Marel Offer Summary
JBT today announced its intention to launch a voluntary takeover offer during the first quarter of 2024 for all of the issued and outstanding shares in Marel at an offer price of €3.60 per share. Such offer values the entire share capital of Marel at approximately €2.7 billion and, inclusive of Marel’s net indebtedness of approximately €0.8 billion as of September 30, 2023, represents an enterprise value of approximately €3.5 billion.
Based on an agreed exchange ratio for the JBT stock portion of the consideration that utilizes a reference share price of $96.25 per share of JBT, the offer would result in Marel shareholders receiving an aggregate of approximately €950 million in cash and holding approximately a 38 percent ownership interest in the combined company.
It is anticipated that Marel shareholders will have the option to receive either cash, JBT common stock, or a combination thereof in respect of their Marel shares. Elections will be subject to a proration process such that the offer achieves a weighted average mix of approximately 65 percent stock and approximately 35 percent in cash.
Eyrir Invest hf., the largest shareholder in Marel with 24.7 percent of Marel’s share capital as of the date of this announcement, has irrevocably undertaken to JBT to accept the offer in respect of all of its shares in Marel.
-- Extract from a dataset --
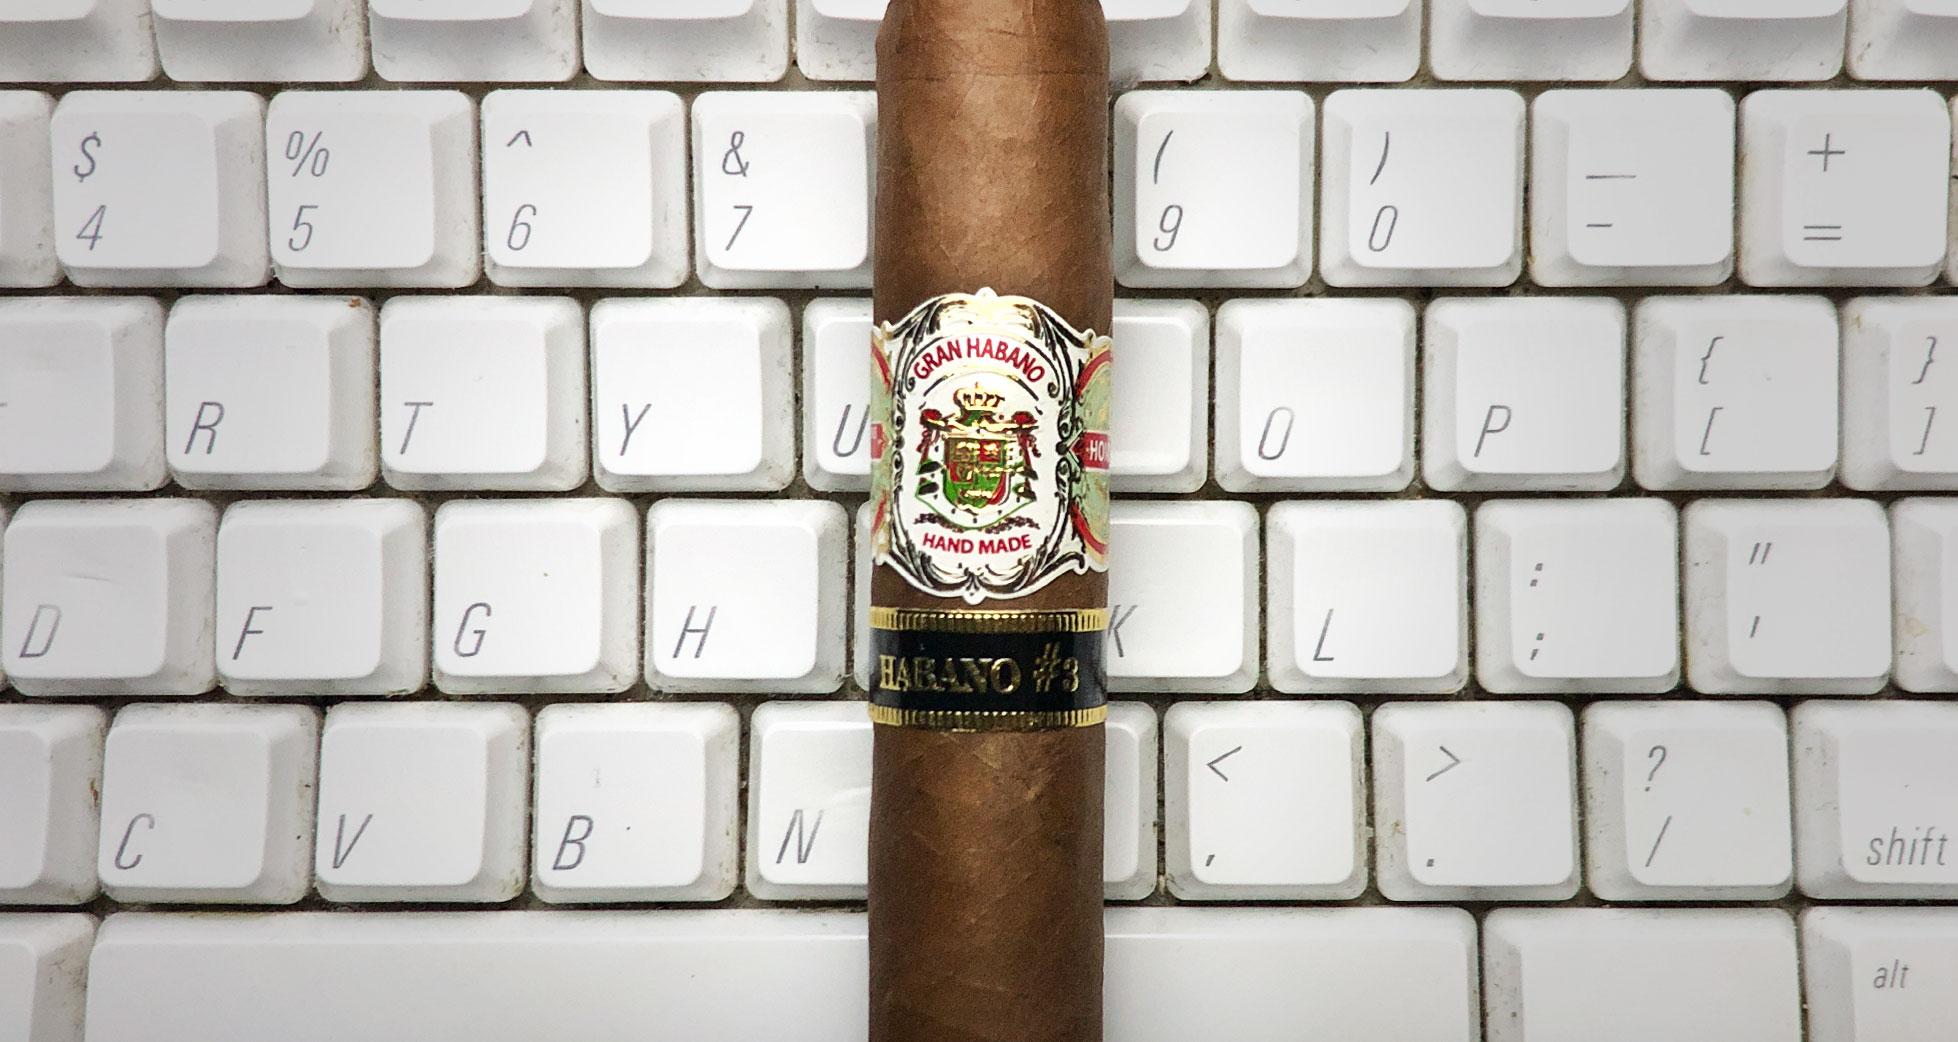 Gran Habano Habano #3, Robusto, Gran Habano, Nicaraguan Habano, Honduras

“This announcement is a result of productive discussions between the management of JBT and Marel,” added Deck. “We look forward to working together on confirmatory due diligence and finalization of the formal voluntary takeover offer on the terms outlined above.”
The transaction is expected to close by year-end 2024.
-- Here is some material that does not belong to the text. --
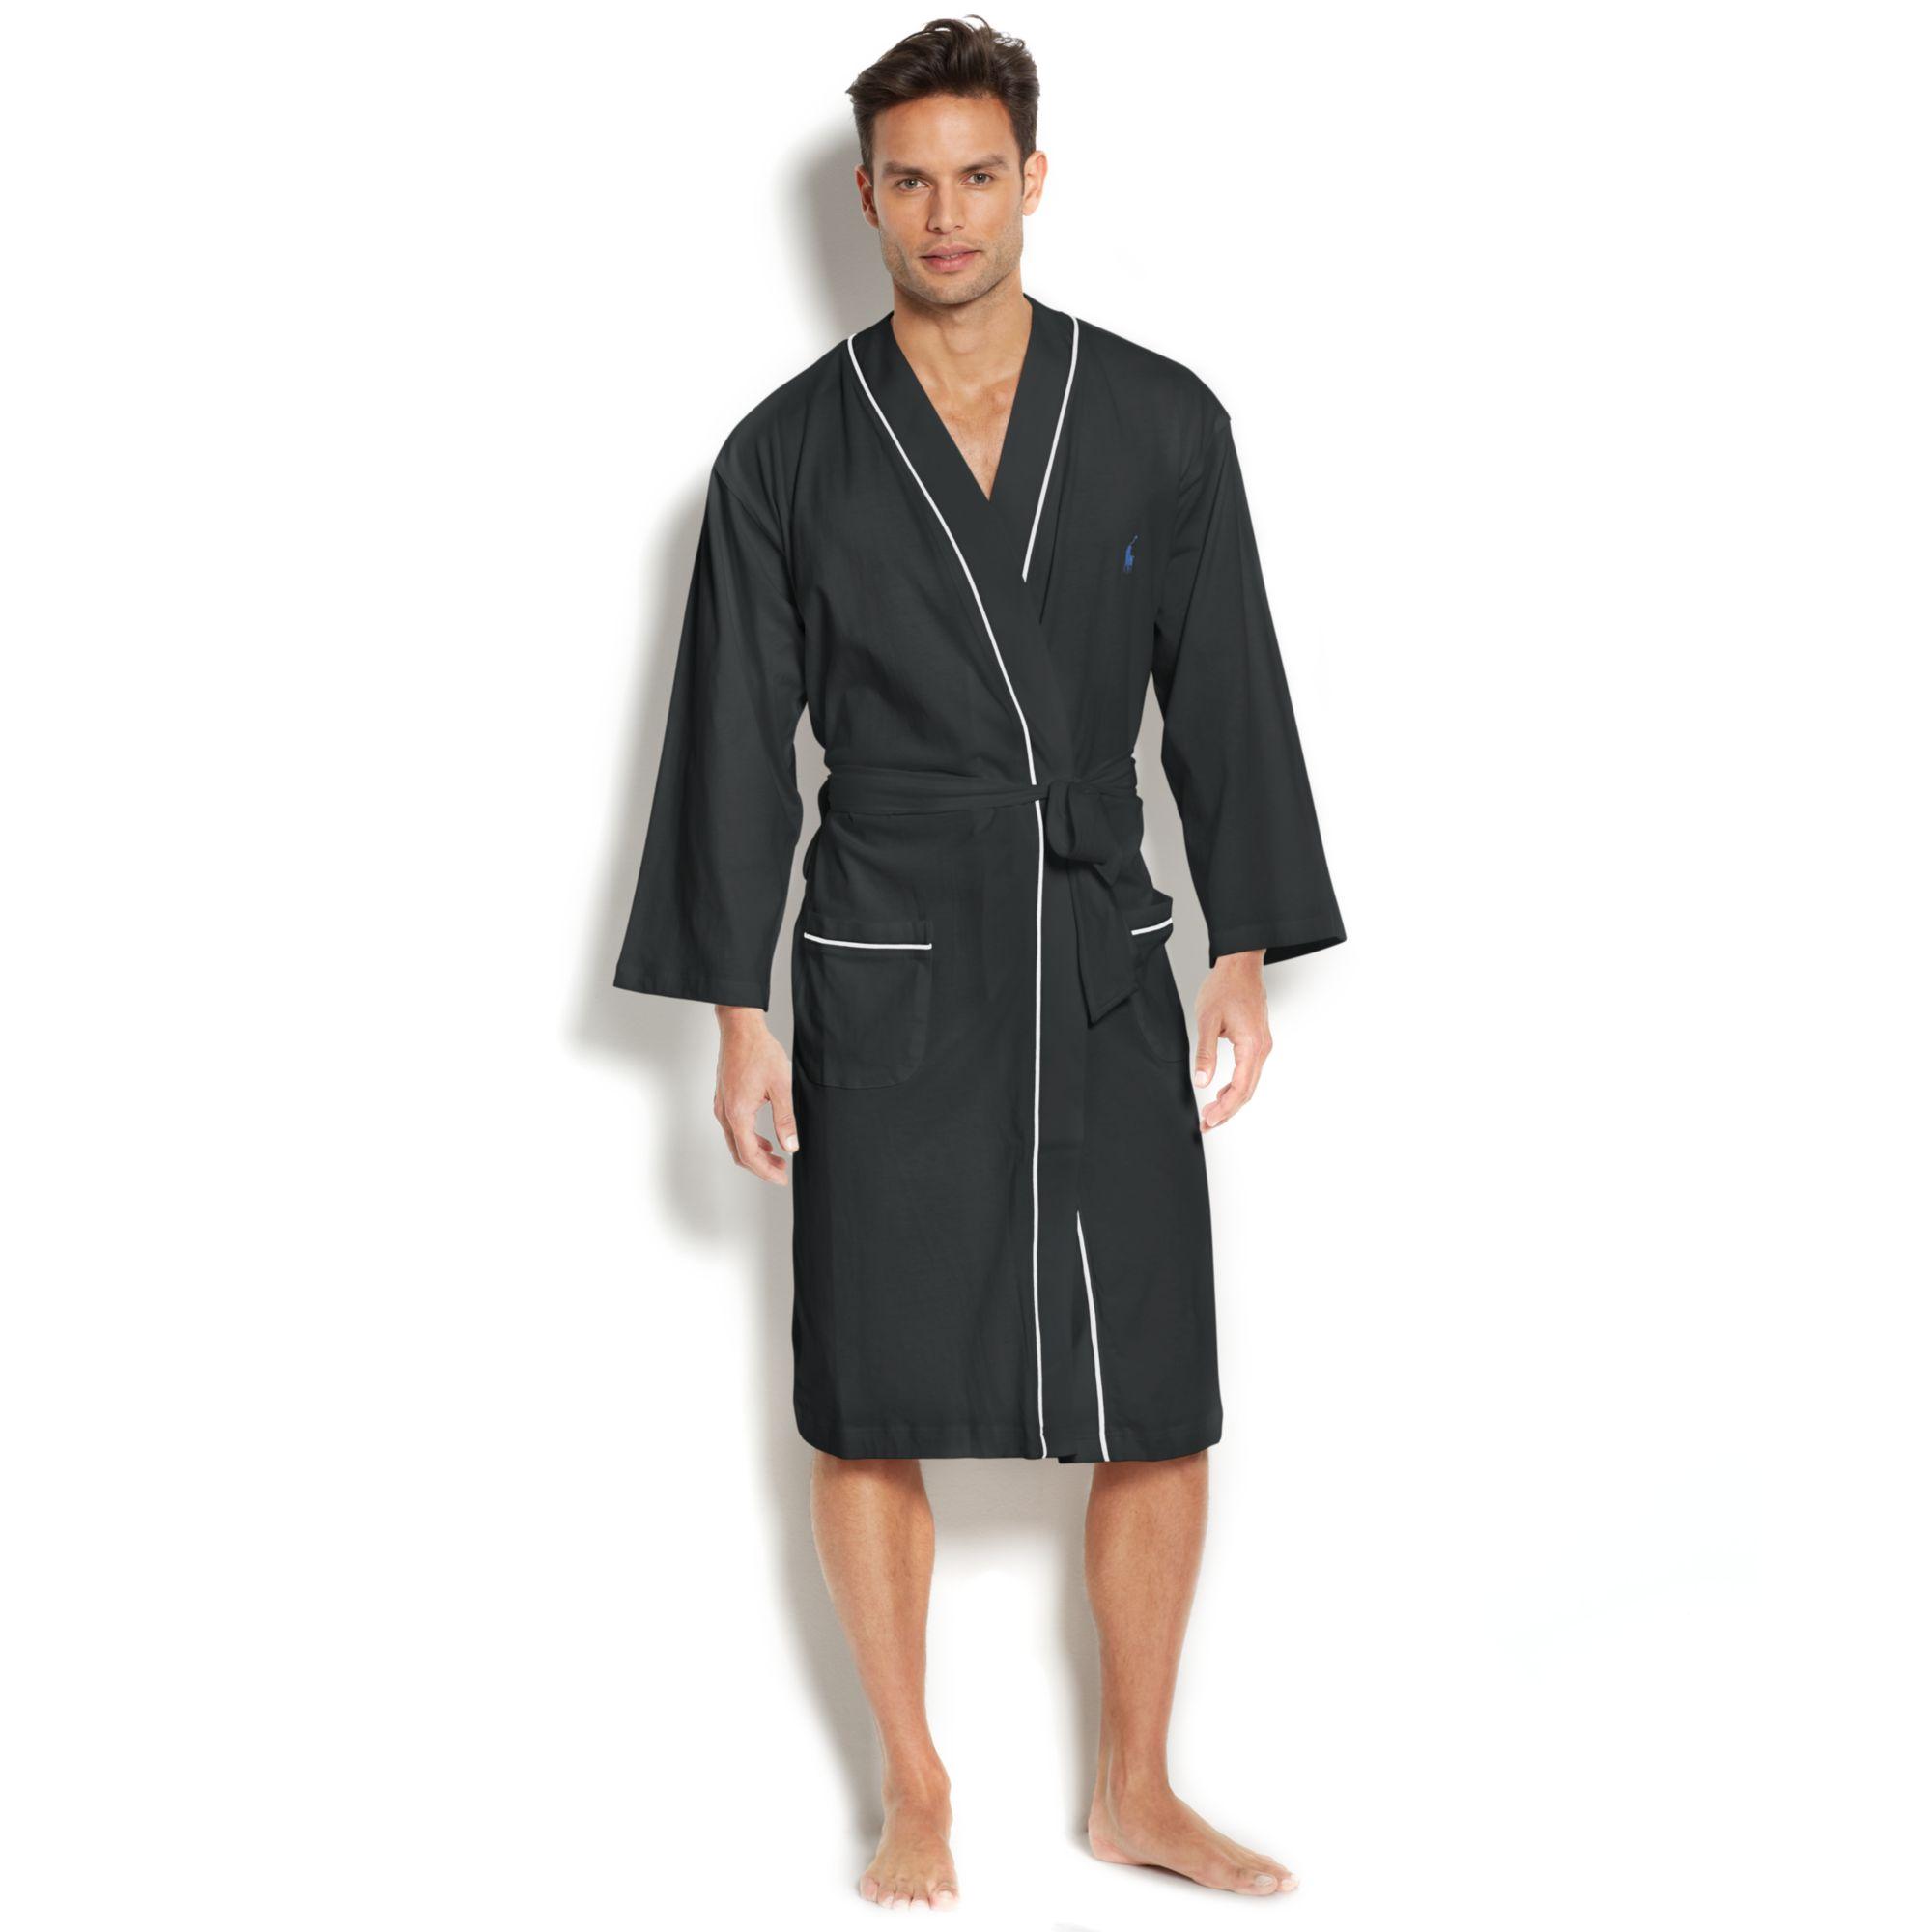 Lyst - Ralph Lauren Polo Mens Jersey Kimono Robe in Gray for Men a7cde049e99

Anticipated Financial Impacts
“The enhanced global operating scale of the combined company is expected to generate meaningful operating cost synergies, and we anticipate additional synergies from revenue to drive incremental and compelling value creation,” stated Deck.
Operating efficiencies are expected to create meaningful cost synergies of more than $125 million within three years following the completion of the transaction across areas such as procurement, manufacturing, and G&A. In addition, the combined company is expected to benefit from additional revenue synergies given attractive cross-selling, go-to-market effectiveness, scaled innovation, and enhanced global customer care capabilities.
Assuming a transaction close by year-end 2024, the combined company is expected to have a pro forma net leverage ratio of less than 3.5x at year-end 2024, which is prior to synergies, and be well below 3.0x net leverage by year-end 2025, providing significant financial flexibility to the combined company to pursue further strategic initiatives.
This transaction is consistent with JBT’s previously stated M&A criteria, including expectations of accretion to cash EPS within the first full year following completion of the merger along with double-digit return on ROIC within four to five years post close.
Governance and Commitment to Marel’s Heritage
The offer is expected to provide for proportional representation on the combined company’s board for Marel shareholders based on pro forma ownership in the combined company. Brian Deck will continue as President and Chief Executive Officer of the combined company. JBT is committed to collaborating with Marel to determine the best talent to lead the combined organization, including key management positions.